» Task goal:
Your output must match the records below character for character.

» Extracted records:
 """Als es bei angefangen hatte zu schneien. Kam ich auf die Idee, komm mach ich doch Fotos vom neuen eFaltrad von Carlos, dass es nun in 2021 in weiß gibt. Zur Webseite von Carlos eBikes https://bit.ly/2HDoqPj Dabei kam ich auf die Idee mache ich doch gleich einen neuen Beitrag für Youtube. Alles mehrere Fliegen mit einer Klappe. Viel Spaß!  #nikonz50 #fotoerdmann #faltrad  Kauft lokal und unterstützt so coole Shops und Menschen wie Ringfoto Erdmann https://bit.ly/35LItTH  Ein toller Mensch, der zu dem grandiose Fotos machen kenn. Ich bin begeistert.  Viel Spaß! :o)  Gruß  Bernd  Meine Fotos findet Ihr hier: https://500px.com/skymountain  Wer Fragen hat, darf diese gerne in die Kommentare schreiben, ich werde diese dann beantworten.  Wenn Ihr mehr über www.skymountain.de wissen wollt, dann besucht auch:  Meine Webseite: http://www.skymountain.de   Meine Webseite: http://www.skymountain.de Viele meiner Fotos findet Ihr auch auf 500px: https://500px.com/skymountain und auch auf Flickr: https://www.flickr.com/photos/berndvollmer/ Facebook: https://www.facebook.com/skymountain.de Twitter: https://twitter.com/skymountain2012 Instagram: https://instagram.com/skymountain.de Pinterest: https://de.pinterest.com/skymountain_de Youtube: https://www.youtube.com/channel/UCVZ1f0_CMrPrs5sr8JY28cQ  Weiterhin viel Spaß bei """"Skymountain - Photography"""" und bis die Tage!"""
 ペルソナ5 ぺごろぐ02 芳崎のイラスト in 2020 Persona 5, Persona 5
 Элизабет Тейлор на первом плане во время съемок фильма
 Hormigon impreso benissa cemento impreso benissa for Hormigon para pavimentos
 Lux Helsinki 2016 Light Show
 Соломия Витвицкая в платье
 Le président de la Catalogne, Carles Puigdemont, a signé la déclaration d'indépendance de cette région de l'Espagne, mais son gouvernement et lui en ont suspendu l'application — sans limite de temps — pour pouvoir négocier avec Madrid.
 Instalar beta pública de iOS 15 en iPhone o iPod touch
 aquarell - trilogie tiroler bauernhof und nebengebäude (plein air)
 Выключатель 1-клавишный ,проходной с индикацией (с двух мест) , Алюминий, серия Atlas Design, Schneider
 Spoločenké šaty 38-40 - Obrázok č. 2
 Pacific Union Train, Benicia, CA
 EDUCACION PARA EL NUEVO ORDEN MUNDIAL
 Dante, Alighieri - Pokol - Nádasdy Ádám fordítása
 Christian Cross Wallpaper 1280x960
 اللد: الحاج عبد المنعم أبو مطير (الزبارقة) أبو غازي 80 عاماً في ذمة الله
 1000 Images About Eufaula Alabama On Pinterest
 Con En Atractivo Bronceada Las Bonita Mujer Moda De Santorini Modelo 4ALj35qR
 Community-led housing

» Task answer:
 """Als es bei angefangen hatte zu schneien. Kam ich auf die Idee, komm mach ich doch Fotos vom neuen eFaltrad von Carlos, dass es nun in 2021 in weiß gibt. Zur Webseite von Carlos eBikes https://bit.ly/2HDoqPj Dabei kam ich auf die Idee mache ich doch gleich einen neuen Beitrag für Youtube. Alles mehrere Fliegen mit einer Klappe. Viel Spaß!  #nikonz50 #fotoerdmann #faltrad  Kauft lokal und unterstützt so coole Shops und Menschen wie Ringfoto Erdmann https://bit.ly/35LItTH  Ein toller Mensch, der zu dem grandiose Fotos machen kenn. Ich bin begeistert.  Viel Spaß! :o)  Gruß  Bernd  Meine Fotos findet Ihr hier: https://500px.com/skymountain  Wer Fragen hat, darf diese gerne in die Kommentare schreiben, ich werde diese dann beantworten.  Wenn Ihr mehr über www.skymountain.de wissen wollt, dann besucht auch:  Meine Webseite: http://www.skymountain.de   Meine Webseite: http://www.skymountain.de Viele meiner Fotos findet Ihr auch auf 500px: https://500px.com/skymountain und auch auf Flickr: https://www.flickr.com/photos/berndvollmer/ Facebook: https://www.facebook.com/skymountain.de Twitter: https://twitter.com/skymountain2012 Instagram: https://instagram.com/skymountain.de Pinterest: https://de.pinterest.com/skymountain_de Youtube: https://www.youtube.com/channel/UCVZ1f0_CMrPrs5sr8JY28cQ  Weiterhin viel Spaß bei """"Skymountain - Photography"""" und bis die Tage!"""
 ペルソナ5 ぺごろぐ02 芳崎のイラスト in 2020 Persona 5, Persona 5
 Элизабет Тейлор на первом плане во время съемок фильма
 Hormigon impreso benissa cemento impreso benissa for Hormigon para pavimentos
 Lux Helsinki 2016 Light Show
 Соломия Витвицкая в платье
 Le président de la Catalogne, Carles Puigdemont, a signé la déclaration d'indépendance de cette région de l'Espagne, mais son gouvernement et lui en ont suspendu l'application — sans limite de temps — pour pouvoir négocier avec Madrid.
 Instalar beta pública de iOS 15 en iPhone o iPod touch
 aquarell - trilogie tiroler bauernhof und nebengebäude (plein air)
 Выключатель 1-клавишный ,проходной с индикацией (с двух мест) , Алюминий, серия Atlas Design, Schneider
 Spoločenké šaty 38-40 - Obrázok č. 2
 Pacific Union Train, Benicia, CA
 EDUCACION PARA EL NUEVO ORDEN MUNDIAL
 Dante, Alighieri - Pokol - Nádasdy Ádám fordítása
 Christian Cross Wallpaper 1280x960
 اللد: الحاج عبد المنعم أبو مطير (الزبارقة) أبو غازي 80 عاماً في ذمة الله
 1000 Images About Eufaula Alabama On Pinterest
 Con En Atractivo Bronceada Las Bonita Mujer Moda De Santorini Modelo 4ALj35qR
 Community-led housing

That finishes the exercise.